China’s ‘Surprise’ Friday Liquidity Injection Draws Yawns As Bazooka Seen Holstered

A little over a week after cutting the MLF rate for the first time since 2016, and a little less than a week before the release of the November loan prime rate, China injected a surprise 200 billion yuan in one-year liquidity. The rate was unchanged at 3.25%.

The move was a surprise, in that it wasn’t aimed at rolling maturing loans, but rather appears to be a “pure” liquidity injection, and it came on the same day that the second of two targeted RRR cuts went into effect (recall that the across-the-board RRR cut announced in September was accompanied by a pair of targeted cuts, which were to be implemented in October and November), releasing an addition 40 billion yuan in long-term liquidity.

The PBoC mentioned tax payments in the announcement and described liquidity conditions as being at a “reasonably ample level” after today.

Read more: China Cuts MLF Rate In Nod To Sagging Economy

It now seems even more likely that the loan prime rate will be cut for a third time since the revamped calculation was introduced back in August.

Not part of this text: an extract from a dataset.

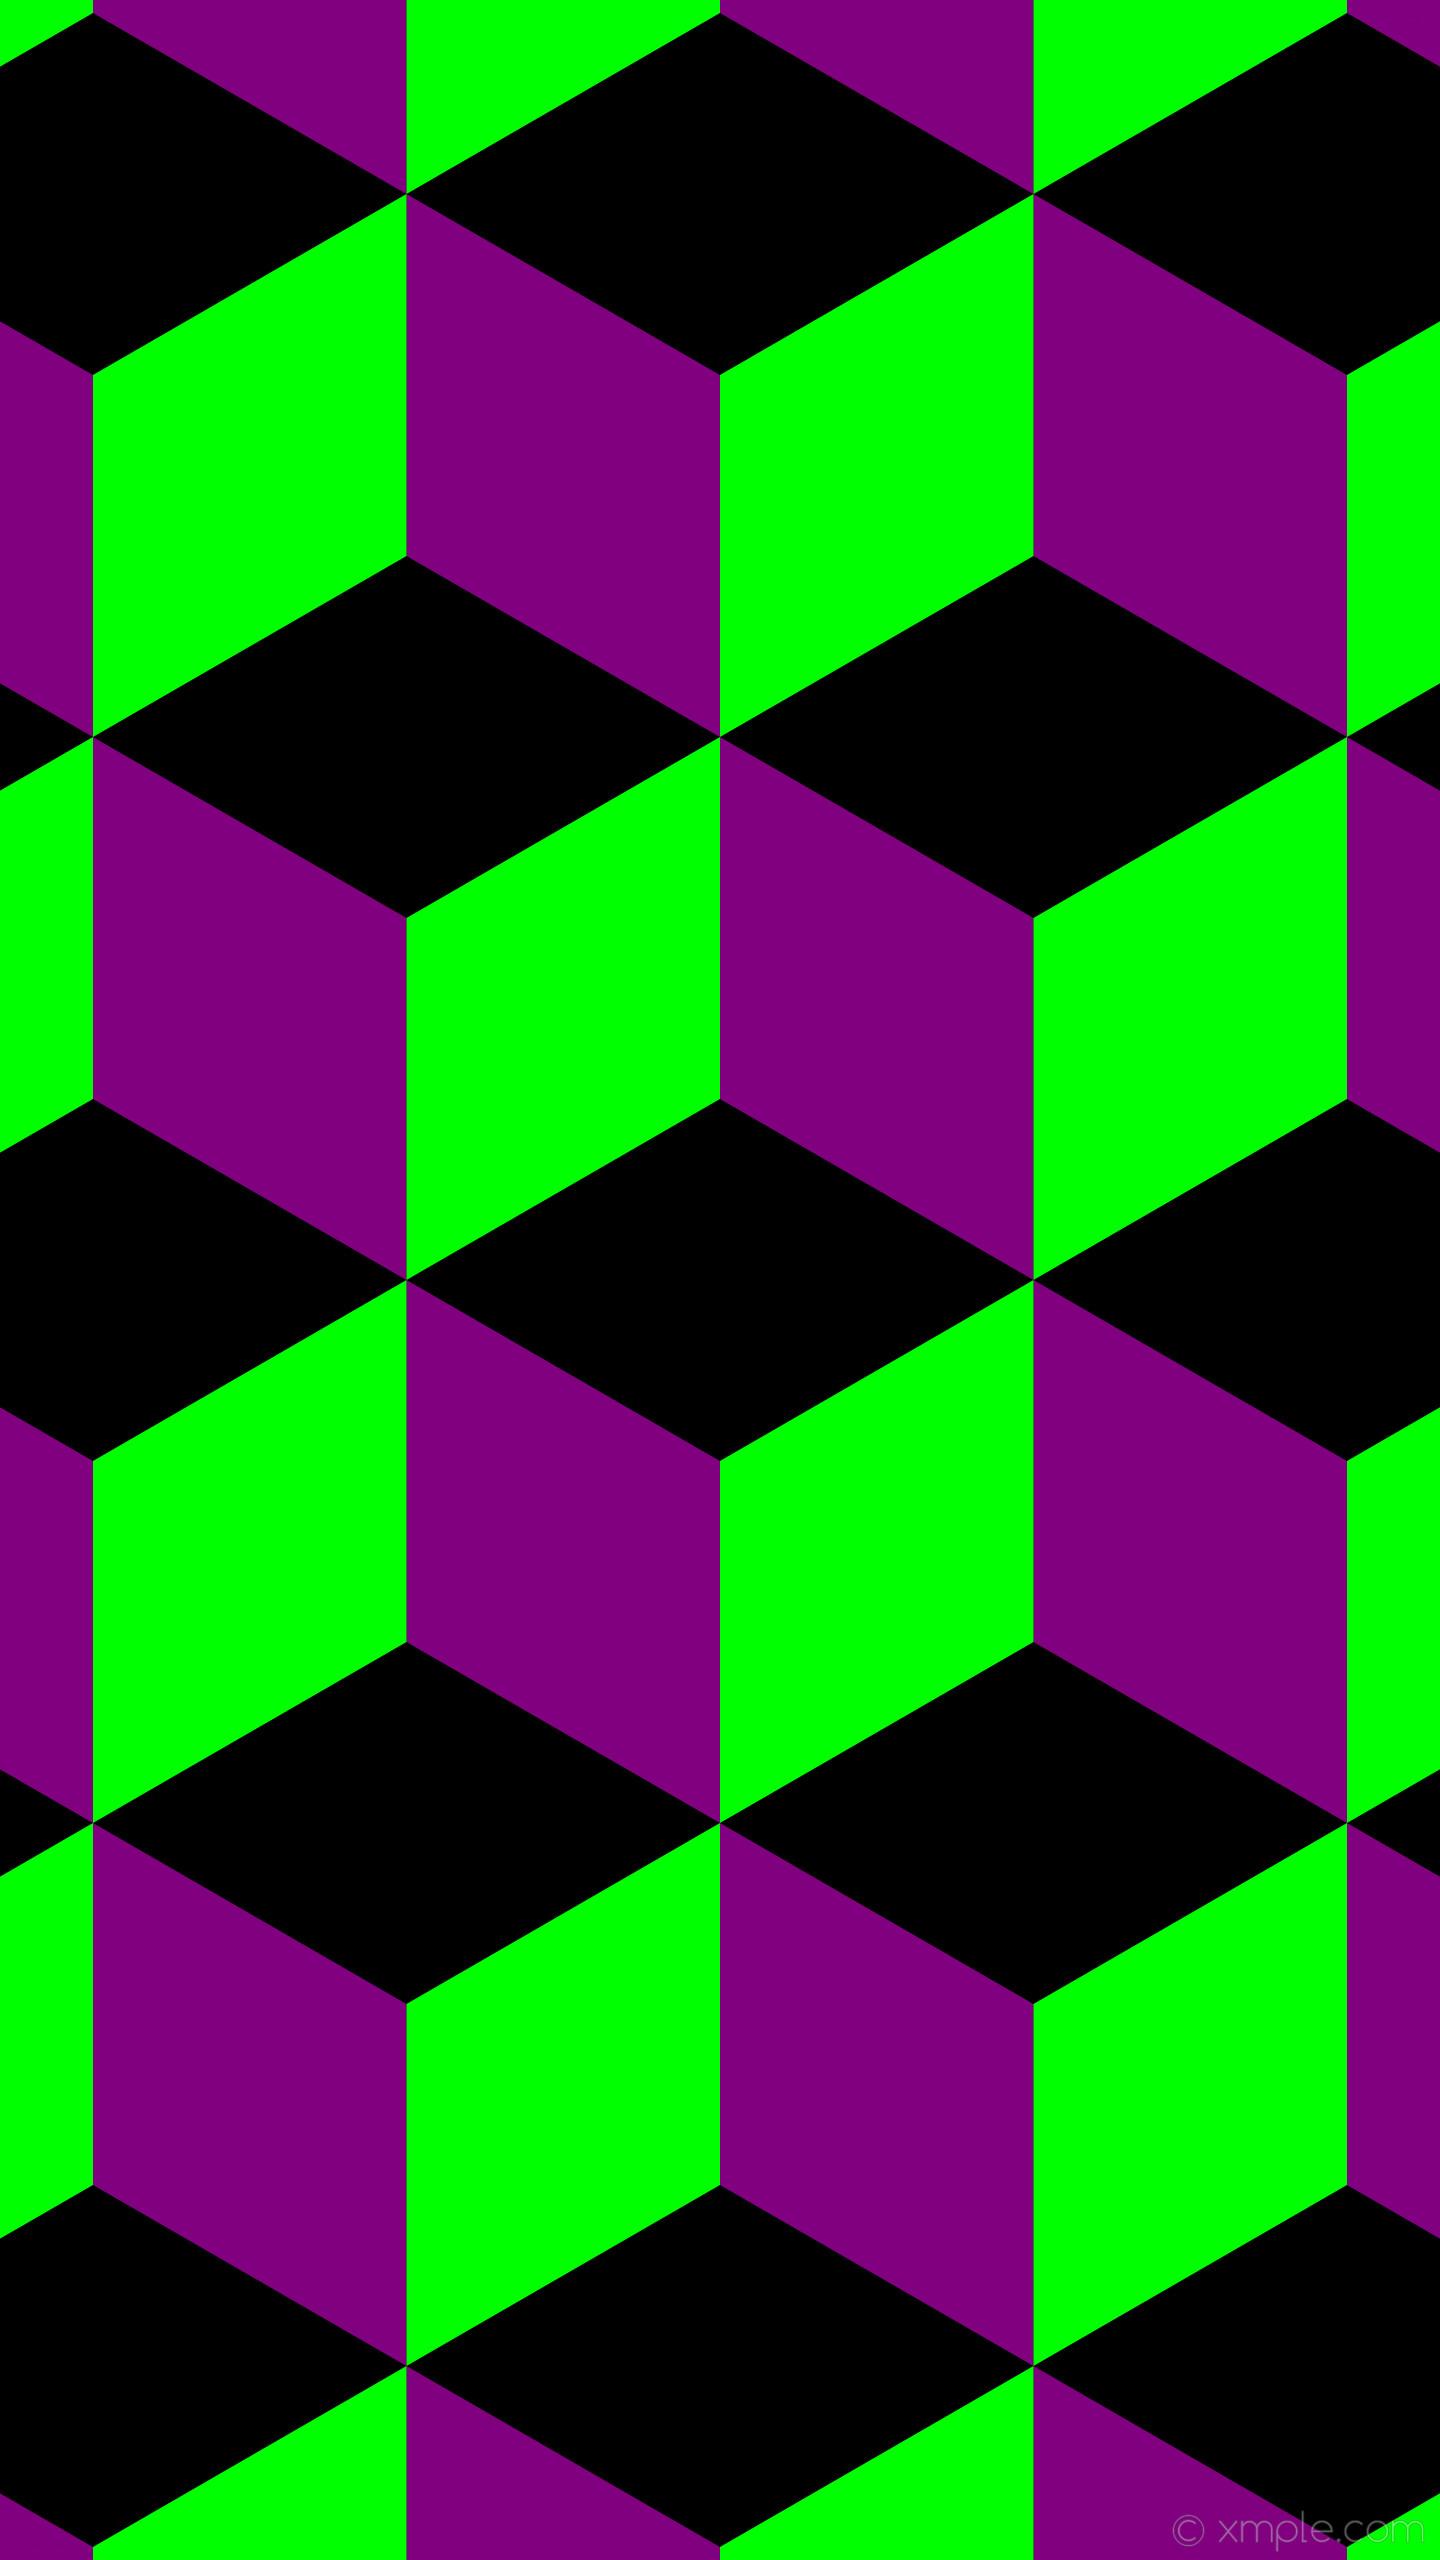 wallpaper green 3d cubes purple black lime #000000 #800080 #00ff00 180°  362px

The LPR was not cut in October, but was reduced in September and in August, when the “new” version debuted.

“The mid-month [MLF] operation could become ‘regular’ in the future, as the PBOC uses it as a tool to push the loan prime rate lower”, Natwest’s China economist Peiqian Liu told Bloomberg.

The MLF operation on Friday came during a week when data showed China’s credit growth collapsed in October well beyond what the season drag “should” have entailed.

Aggregate financing was just 618.9 billion yuan last month, well short of the 950 billion yuan consensus expected, and below even the most tepid estimate. It represented the slowest pace of credit growth in years.

October’s activity data (retail sales, industrial output and fixed investment) also disappointed this week, perhaps giving authorities some extra incentive to act.

And yet, it still appears as though Beijing is taking a reactive, piecemeal approach to stimulus and liquidity provision as opposed to a proactive, “bazooka” approach. That’s in keeping with the desire to avoid giving anyone the impression that China has been forced to abandon the deleveraging push altogether and it may also reflect some hesitancy about monetary easing in the face of the highest CPI inflation in seven years.

“But at least it has to release liquidity to support economic growth, especially after October’s sluggish credit lending data”, Nie Wen, economist at Hwabao Trust in Shanghai, told Reuters. “Consumer price inflation is high, but the producer price index is still in a negative range. Companies’ real borrowing costs remain high”.

It wasn’t enough to cheer Chinese equities, which fell on Friday, ultimately logging their first weekly loss in four.

The yuan also snapped a win streak this week. The currency was on pace for its first down week in five.